На Смоленском рынке летом продавали овощи, фрукты; лежали горами арбузы, их надрезали треугольником. Торговали всем, и все нещадно торговались. Охотный ряд, там, где теперь гостиница «Москва», был заполнен толпой: покупали в лавчонках живность. Огромные рыбы плавали в садках. Охотники ходили, обвязанные гирляндами рябчиков, — продавали дичь. Центром элегантной Москвы был Кузнецкий мост; на вывесках дорогих магазинов стояли иностранные фамилии: художественными изделиями торговали итальянцы Аванцо, Дациаро, модной одеждой — англичанин Шанкс, парфюмерией — французы, оптическими аппаратами — немцы. На окраинах было множество чайных «без права подачи крепких напитков». Там, где теперь стадион «Динамо», стояли крохотные дачи в садах: Москва быстро обрывалась. На Красной площади весной бывал вербный базар; там продавали «американских жителей» и «тещин язык». Возле Иверской часовни стояли на коленях женщины.
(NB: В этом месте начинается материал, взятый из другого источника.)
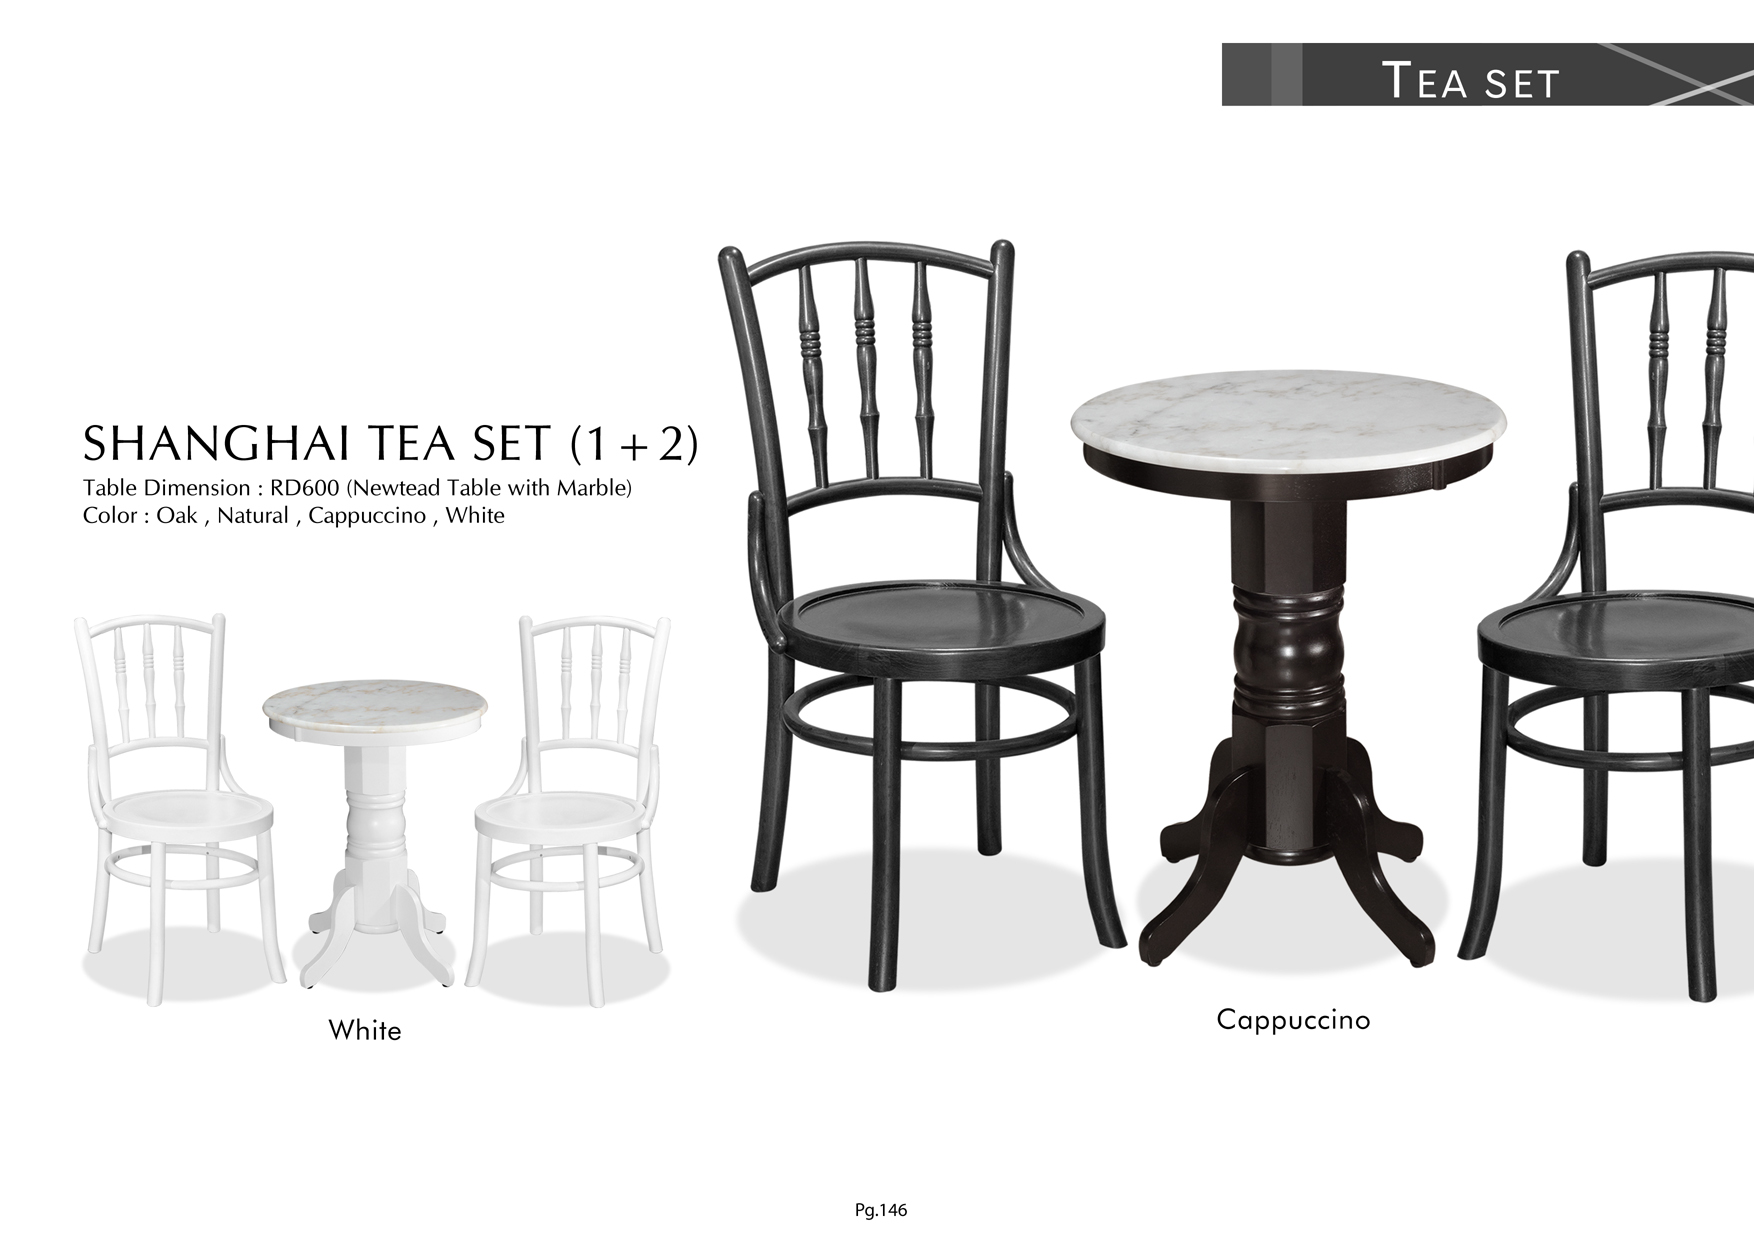 Product: PG146. SHANGHAI TEA SET

Появился телефон; он был только в богатых домах и в конторах крупных фирм; звонить было сложно — крутили рукоятку, в конце разговора давали отбой. Появилось также электричество, но я долго жил среди черного снега коптивших керосиновых ламп. Голландские печи блестели изразцами. Топили сильно. Между оконными рамами, покрытыми беспредметной живописью мороза, серела вата; иногда на нее ставили стаканчики с бумажными розами. Летом жужжали мухи. Блестели крашеные полы. Тишину изредка прерывал дискант маленьких собачонок — в моде были болонки и вымершие теперь мопсы. На комодах фарфоровые китайцы до одурения кивали головой. В эмалированных кружках с царским гербом (память о Ходынке) розовели гофрированные розы. К чаю подавали варенье, и варенья бывали разные: крыжовник, русская клубника, кизиль, райские яблочки, черная смородина.

Впервые меня повели в театр на «Спящую красавицу». Околдованные феей балерины искусно замирали на пуантах. В ложах впереди сидели гимназисты в мундирах с яркими пуговицами и гимназистки в коричневых или синих платьях с нарядными передниками. Сзади томились взрослые. Отец мне протянул коробку с шоколадными конфетами, наверху лежал кусок ананаса и серебряные щипчики; щипчики я взял себе. В коридорах театра цепенели пышные капельдинеры. Горничные в вязаных платках держали шубы, и шубы казались зверями; сибирские леса подходили вплотную к бархату и бронзе Большого театра — выдры, еноты, лисицы, соболя.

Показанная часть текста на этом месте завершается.